Джексон: Ну, тогда посмотрим.
Я: Не понимаю, о чем ты.
Я продолжаю писать – сейчас его настроение поменялось, и мне хочется понять почему, – но вдруг раздается новый стук в дверь.
Я: Ты что, прислал мне еще что-то???????
Джексон: Может, откроешь дверь и посмотришь?
Я: Кажется, это значит «да».
Я: Но знаешь, тебе вовсе не обязательно это делать.
Я: Я в том смысле, что я очень тебе благодарна, но необходимости в этом нет.
Джексон: Грейс, открой дверь.
Я иду к двери, радуясь тому, что эдвил подействовал и моя лодыжка болит меньше, а хромота стала намного менее заметной. Затем, прежде чем открыть дверь, я пишу: «Откуда тебе известно, что я еще не открыла дверь?»
– Думаю я бы это заметил, – отвечает он, стоя по другую сторону занавеса из ниток бус.
– Джексон! – взвизгиваю я, тут же машинально подняв руку, чтобы поправить волосы. – Значит, ты здесь.
Он поднимает бровь:
– Ты хочешь, чтобы я ушел?
– Нет, конечно, нет. Входи. – Я держу дверь и делаю шаг назад.
– Спасибо. – Он слегка дергается, когда переступает через порог и нити бус Мэйси задевают его.
– Не понимаю, почему Мэйси так держится за эти нити – ведь они то и дело бьют людей током, – говорю я, отводя несносные бусы в стороны и закрывая дверь. – Ты в порядке?
– Понятия не имею. – Его глаза встречаются с моими, и моя радость гаснет, когда я снова вижу в них бесстрастие и пустоту.
– А, ну хорошо. – Я опускаю голову, чувствуя себя неловко рядом с этим парнем, с которым без проблем переписывалась по телефону весь сегодняшний день. – Спасибо за книгу.
Он качает головой, но теперь хотя бы смотрит на меня с улыбкой.
– Я подумал, что это поможет тебе занять себя, пока ты будешь давать отдых своей лодыжке. – Он устремляет на меня многозначительный взгляд.
– Послушай, я же была в кровати. Это ты постучал в мою дверь.
Его глаза немного округляются, когда я говорю, что была в кровати, а затем мы оба делаем то единственное, что можем сделать в этой ситуации, – смущенно уставиться на мою ярко-розовую постель.
– Ты хочешь… э-э… – Я прочищаю внезапно сжавшееся горло. – Ты хочешь сесть?
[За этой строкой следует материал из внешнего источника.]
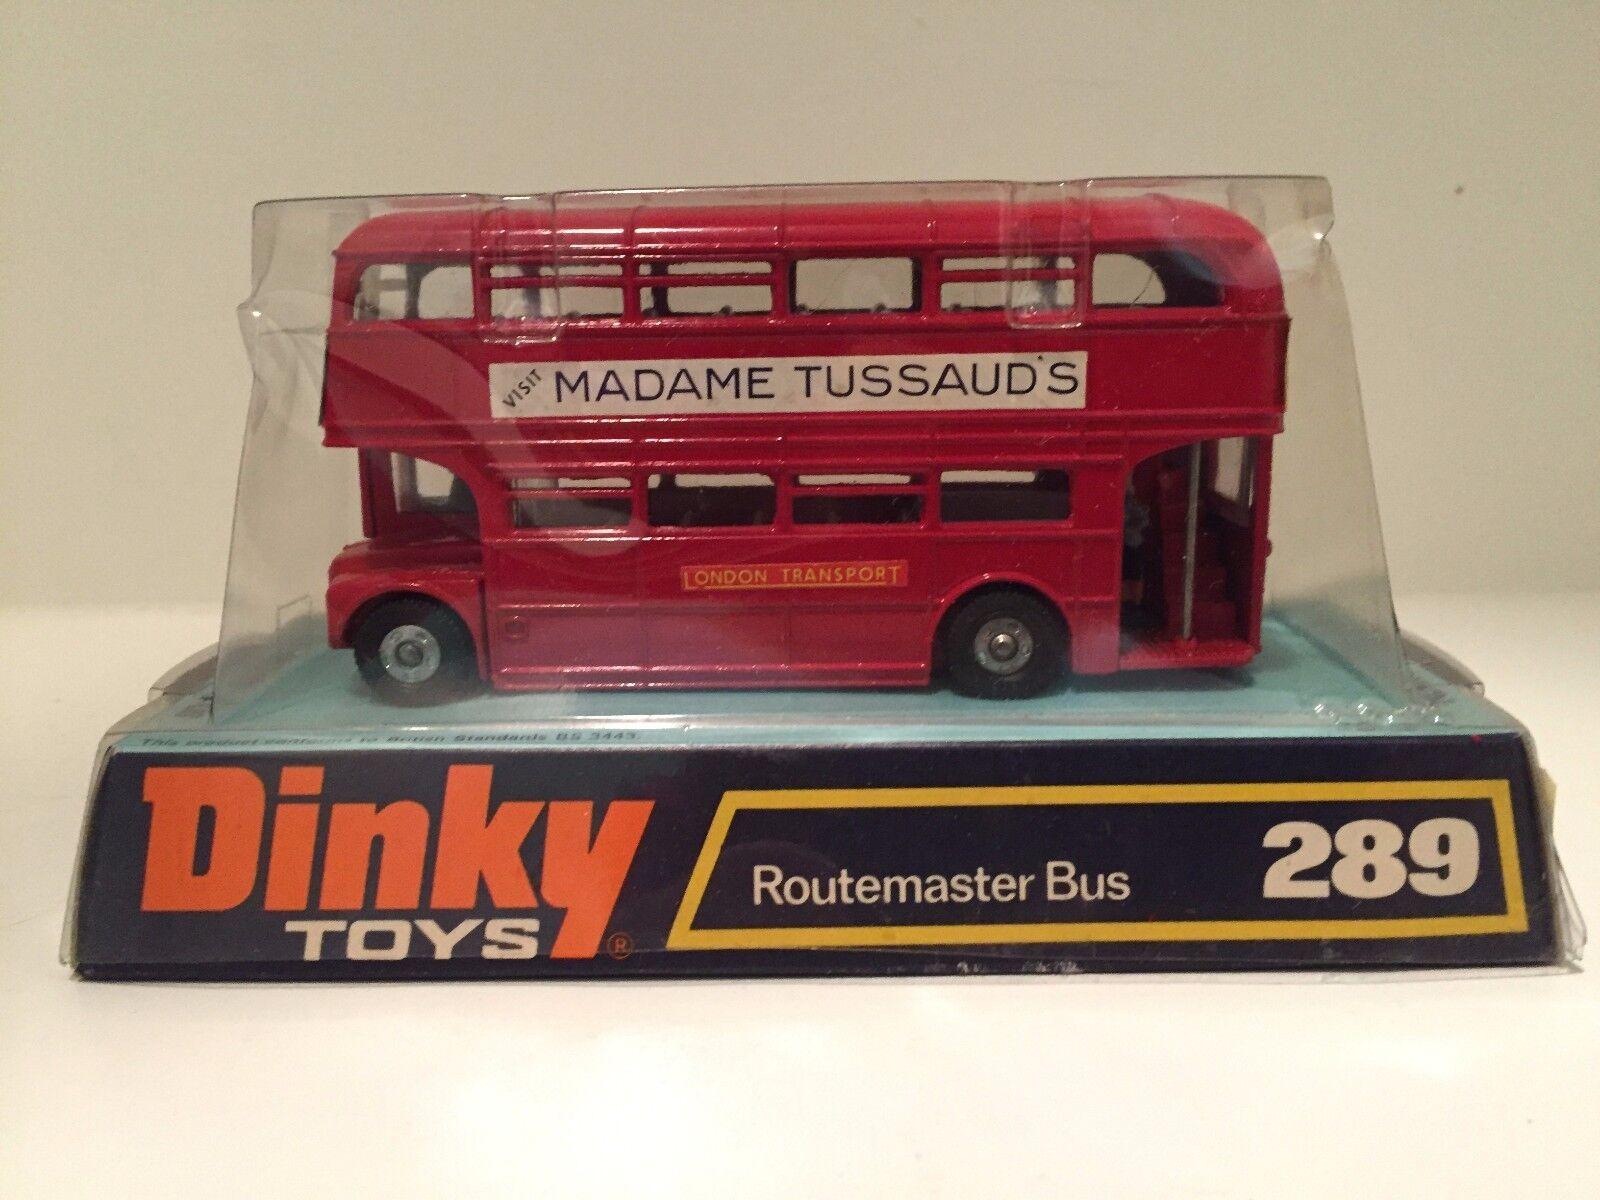 Meccano dinky spielzeug 289 routemaster - bus madame tussaud 's vintage - kings cross
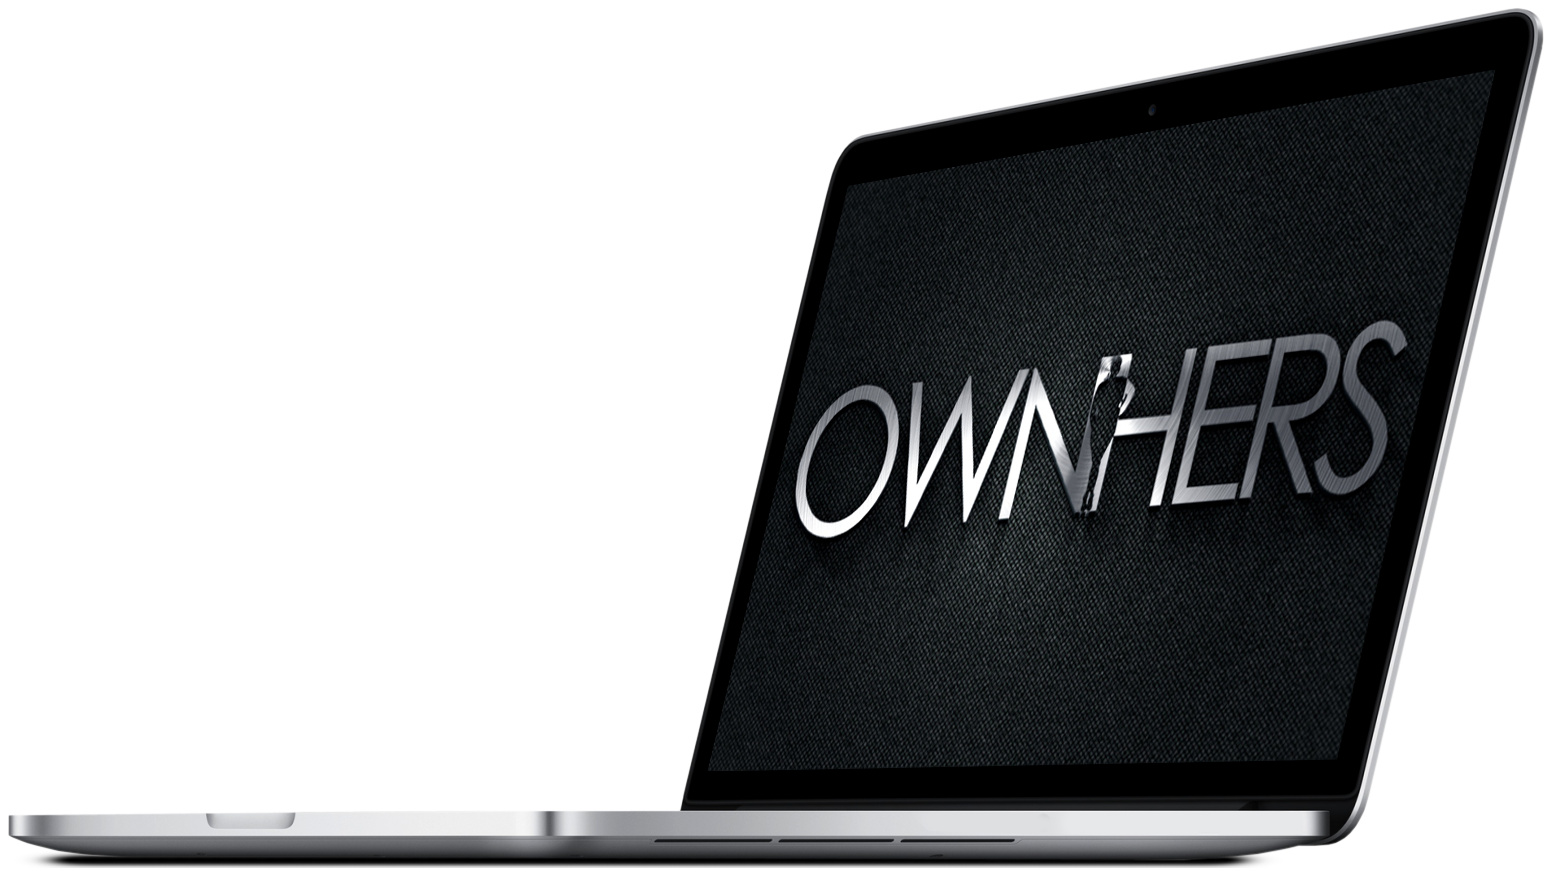 3D OwnHers on laptop.jpg

Он состраивает гримасу, качает головой, но через несколько секунд все-таки плюхается на край моей кровати. В самом ее конце, как будто боится, что я его укушу или наброшусь на него.
Это настолько не похоже на Джексона, которого я знаю, что я изумленно воззряюсь на него. А затем говорю себе: к черту, не стану же я испытывать неловкость весь следующий час. Нет уж. И, плюхнувшись на кровать рядом с ним, спрашиваю:
– Что одна кость сказала другой?
Он настороженно смотрит на меня, но плечи его расслабляются.
– Пожалуй, я не хочу это знать.
Я не обращаю внимания на эти его слова.
– Нам надо перестать встречаться[10].
Он тяжело вздыхает:
– Это было…
– Потрясающе? – поддразниваю его я.
Он качает головой:
– Нет, ужасно. – Но он ухмыляется, и я что-то вижу в глубине его глаз – теперь в них больше нет этой жуткой пустоты.
Желая, чтобы так продолжалось и дальше, я говорю ему:
– Это мой конек.
– Что, плохие шутки?
– Ужасные шутки. Я унаследовала этот талант от моей матери.
Он поднимает бровь:
– Значит, ужасные шутки заложены в ДНК?
– Да, в одном из генов, – соглашаюсь я. – В том, который связан с генами, благодаря которым у меня кудрявые волосы и длинные ресницы. – Для наглядности я хлопаю ресницами, как это совсем недавно делала Мэйси.
– А ты уверена, что не получила этот дар от родителей? – с невинным видом спрашивает он.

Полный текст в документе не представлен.